You had a bad year, hopefully things will get better. Because of my experience with the medical community, I don't have any advice. Are you better after you've been hospitalized? What do they do for you that makes you feel better? I'm just curious if any of the treatment you've had have helped you.

Jen, When I started reading your post I thought I had written it until you came to the part about your DH. I have brain injuries related to falls & know how scarey it is. My husband is opposite to yours. He doesn't get excited about much of anything. He did get a little upset the first time he saw me hit the floor, he thought I was dead. The only time he knows how bad I am is when I pass out & I ask him to help me to the bed . Most of the time I have been alone during my worst episodes. I never know how long I have been passed out in the floor. After 25 years, I think my DH is just tired of hearing it. I try not to talk about my illness & all the symptoms that go with it. He does gladly take me to the dr appt & does grocery shopping. My autonomic nervous system had shut down & I couldn't function either. My brain didn't work correctly not any bodily function. I was started on Neurontin which helped a lot. Your DH is probably just overwhelmed, worried about you & wondering how he is going to cope. An admirable trait. Are your children old enough to help? Maybe a relative. Are you on any medications? I wish I had some answers for you. Best of luck!

I've not had a problem with not tasting my food. I had the problem with everything, even my favorite foods, tasting absolutely vile. Foods tasted so horrible it would make me ill to eat them. Not tasting would have been a blessing. That started about 2 years ago. I'm still not able to eat a lot of foods I always loved. No one has been able to tell me why this happened. I do know some medications will cause you not to taste food. I never get thirsty.

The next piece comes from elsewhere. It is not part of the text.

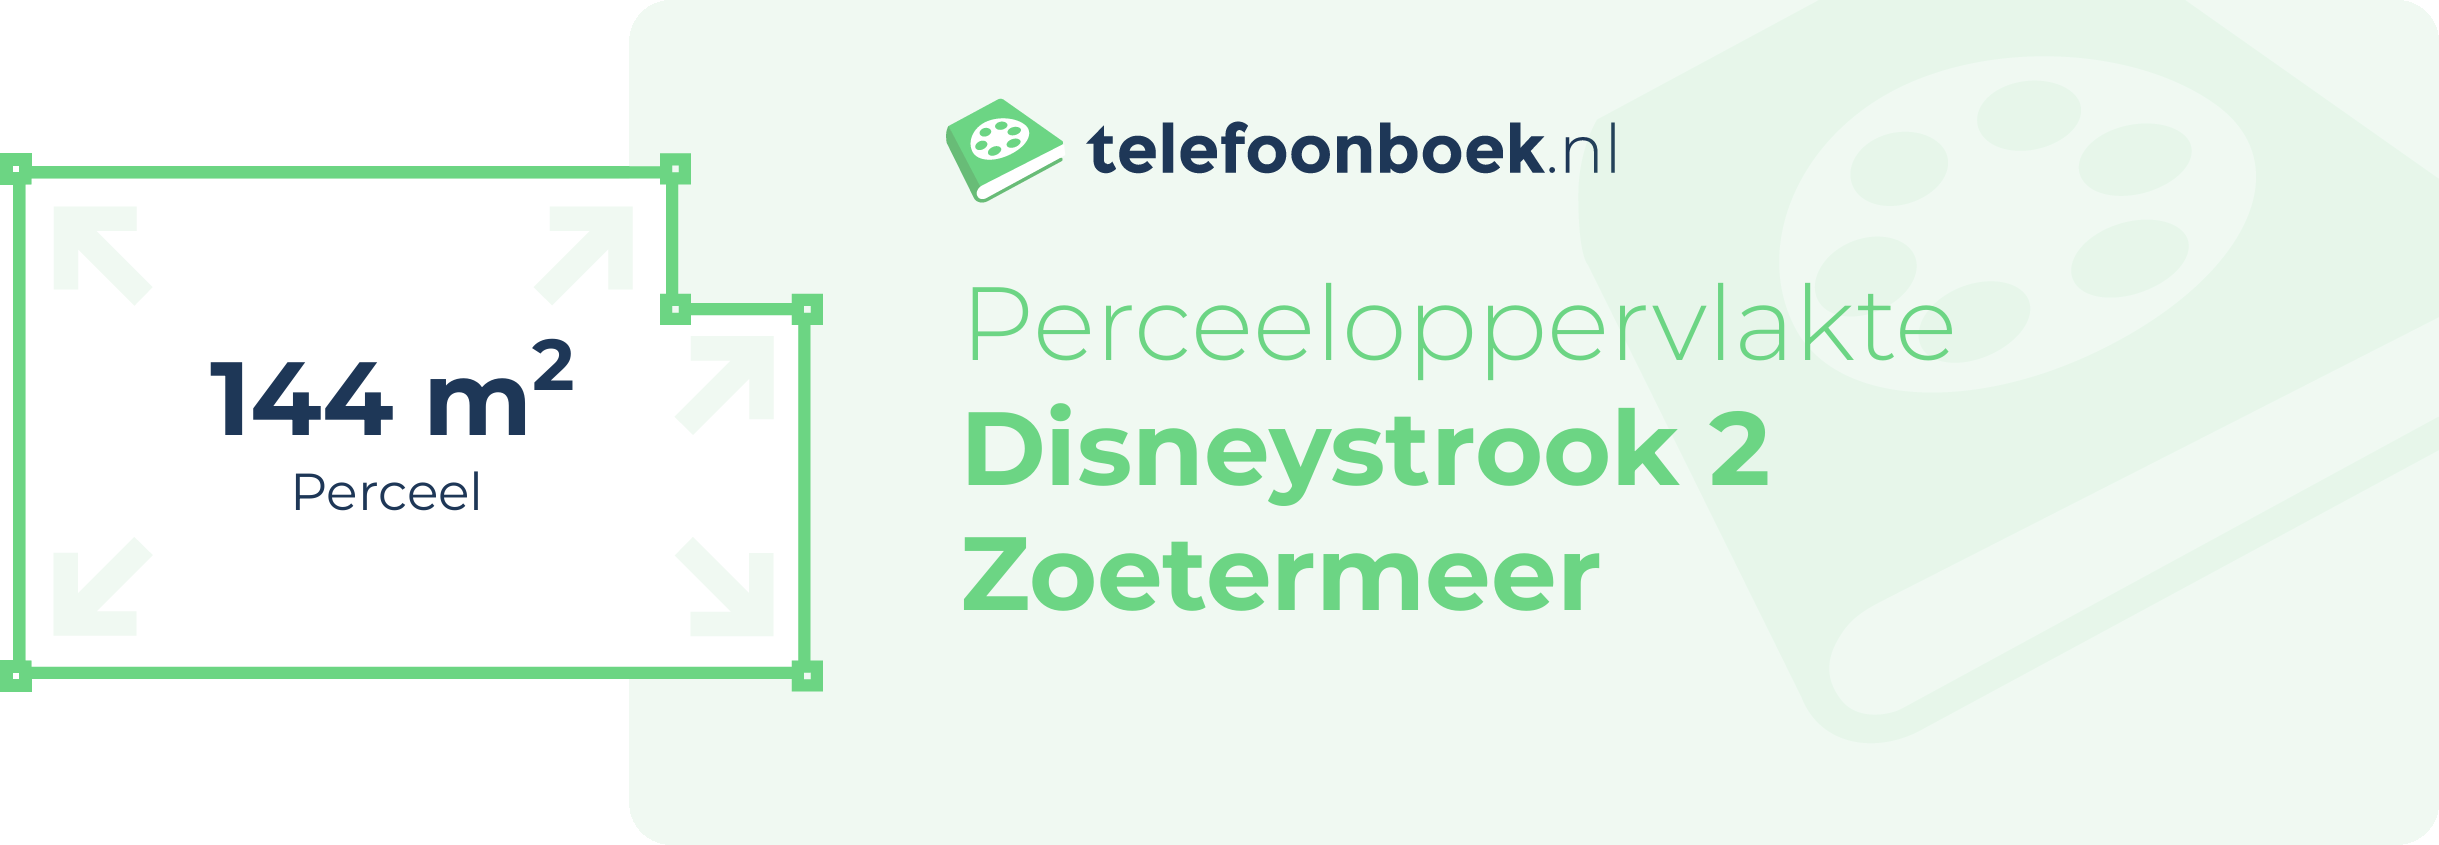 Perceeloppervlakte Disneystrook 2 Zoetermeer

I found out the hard way over the years of hypoglycemia that I can't be strictly a vegan. I must have meat. The protein in beans, nuts, etc just doesn't keep my blood sugar stable. I also am unable to do any medical test that requires fasting. I tried 3 times to do a colonoscopy cleanse & started passing out each time about the 5th hour in spite of drinking what seemed like gallons of fluids. I never leave home without taking a snack with me. good luck!

Have any of you that can't take regular meds ever tried homeopathy? If so, what was your experience? Thanks.

Sometimes I describe it as feeling like I'm trying to move in drying concrete.

Katie, could it be costochrondritis (sp?) When i first started having pain from that I thought I was having a heart attack.